* TASK ITEM: Please reproduce the lines of the records below from the one holding "Decorazioni artistiche di" through the one holding "シャットシュリンク盗難kameyama candle(カメヤマキャンドル) 3×3ベルトップピラーキャンドル", inclusive, skipping all pictures.

* RECORDS SUPPLIED:
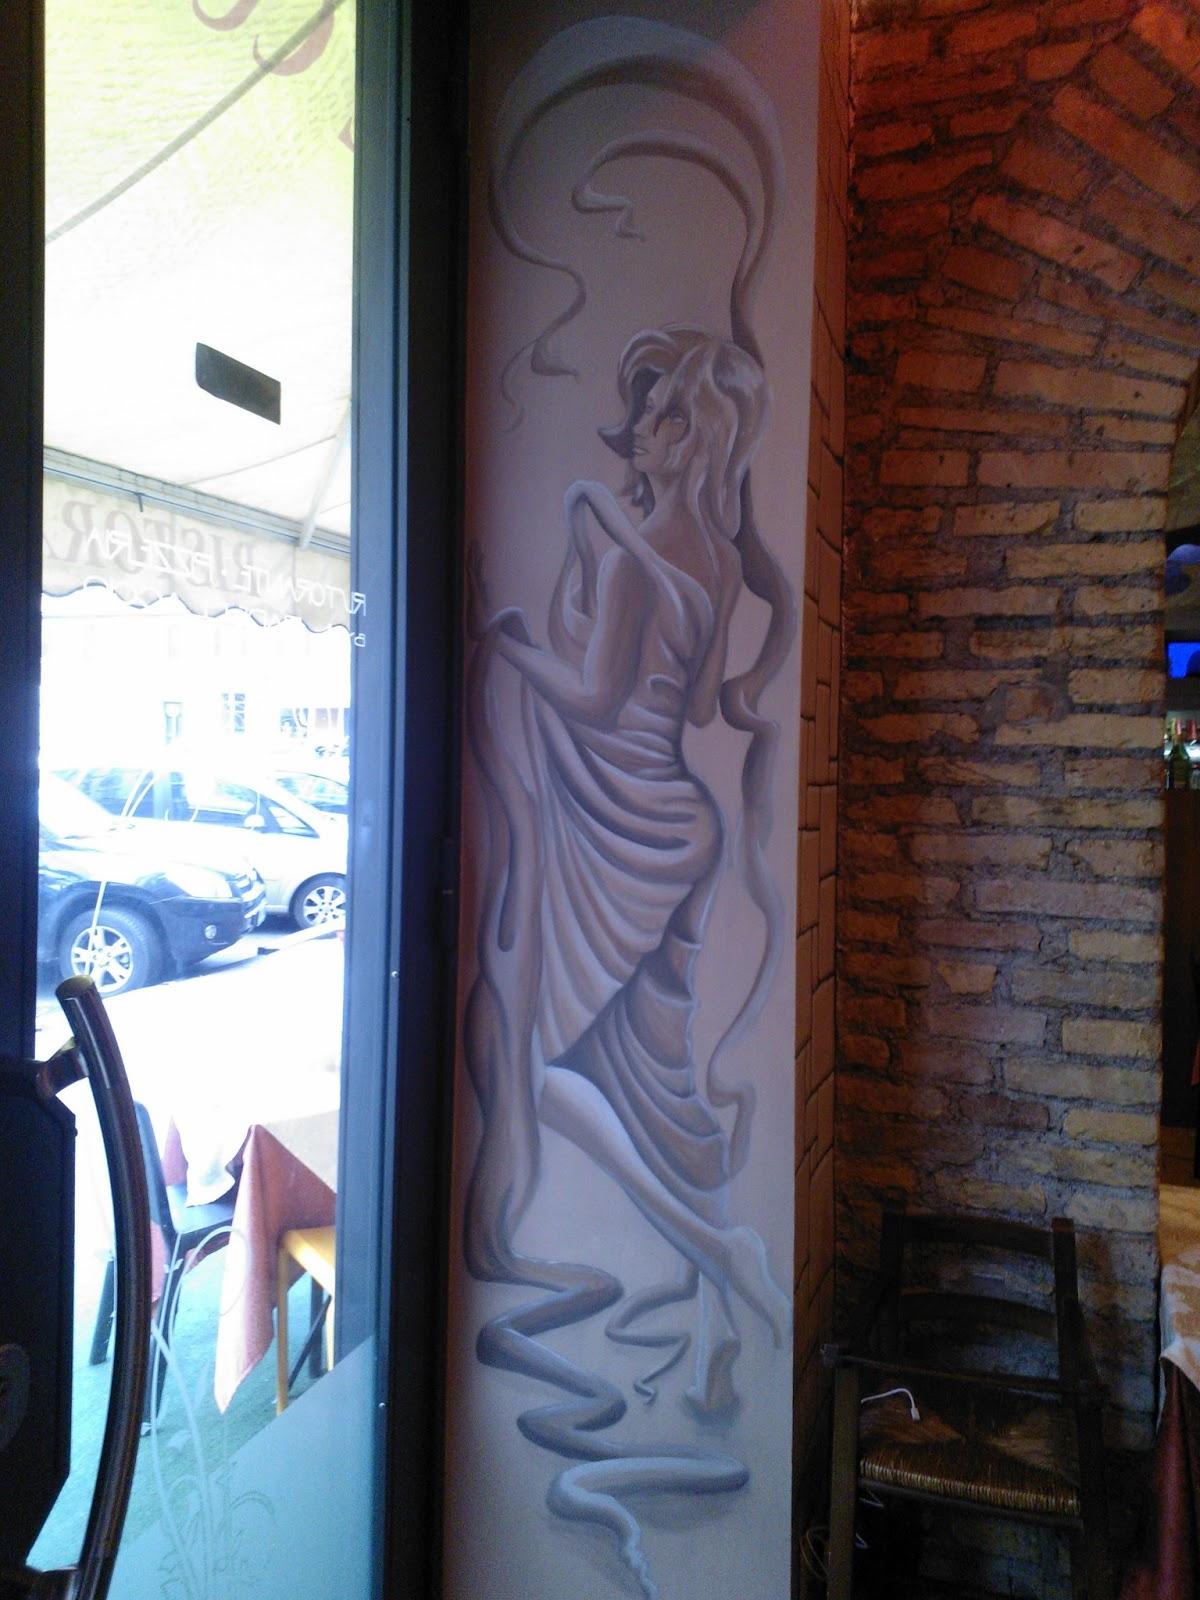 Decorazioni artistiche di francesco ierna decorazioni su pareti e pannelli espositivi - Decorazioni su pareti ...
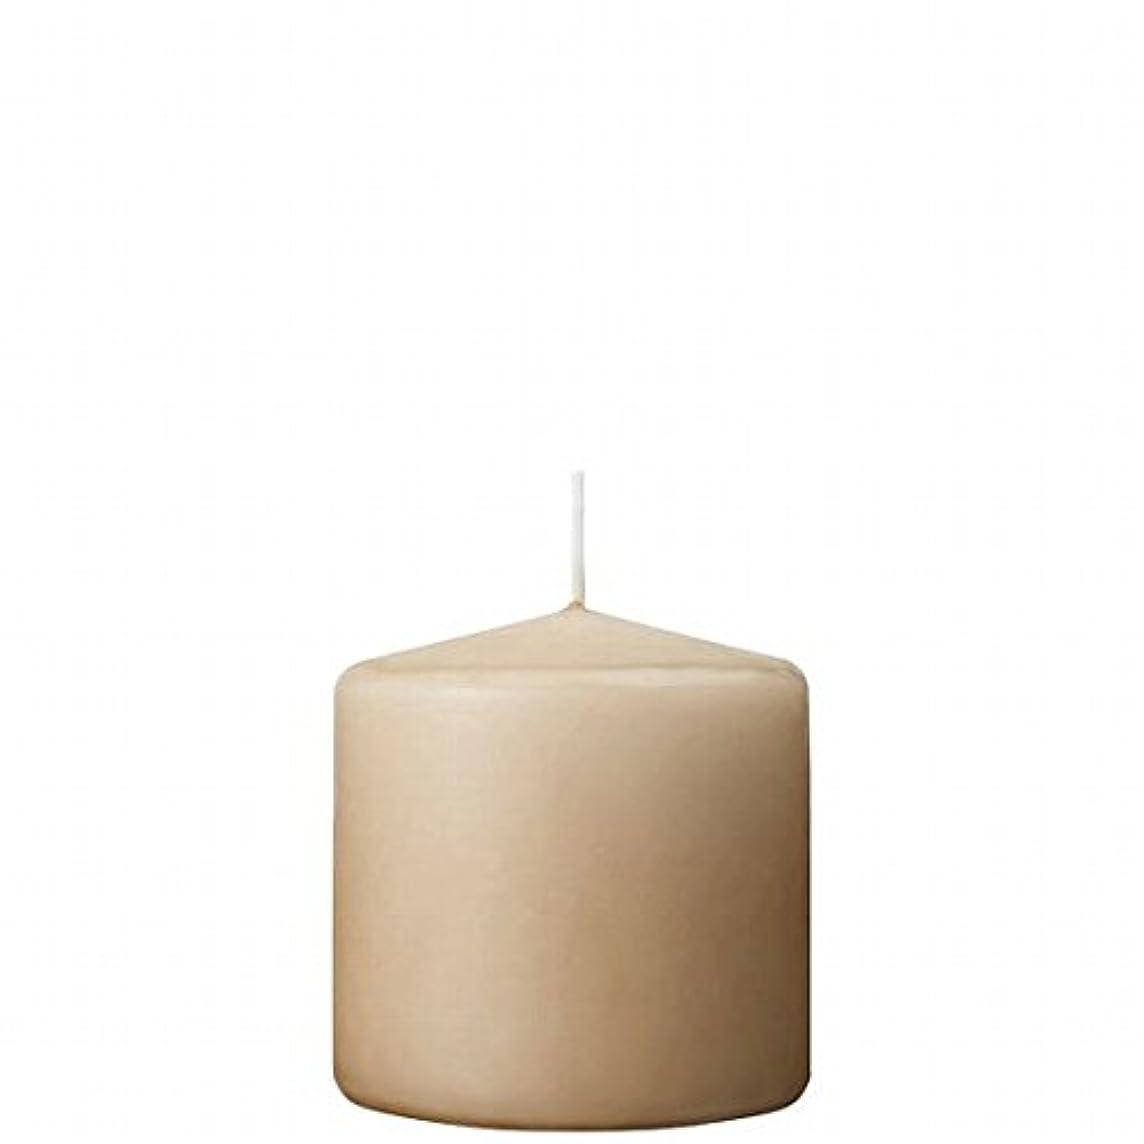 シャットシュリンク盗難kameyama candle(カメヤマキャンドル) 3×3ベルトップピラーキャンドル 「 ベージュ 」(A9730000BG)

...

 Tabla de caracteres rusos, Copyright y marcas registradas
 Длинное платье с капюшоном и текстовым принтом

* OUTPUT OF THE EXERCISE:
 Decorazioni artistiche di francesco ierna decorazioni su pareti e pannelli espositivi - Decorazioni su pareti ...
 シャットシュリンク盗難kameyama candle(カメヤマキャンドル) 3×3ベルトップピラーキャンドル 「 ベージュ 」(A9730000BG)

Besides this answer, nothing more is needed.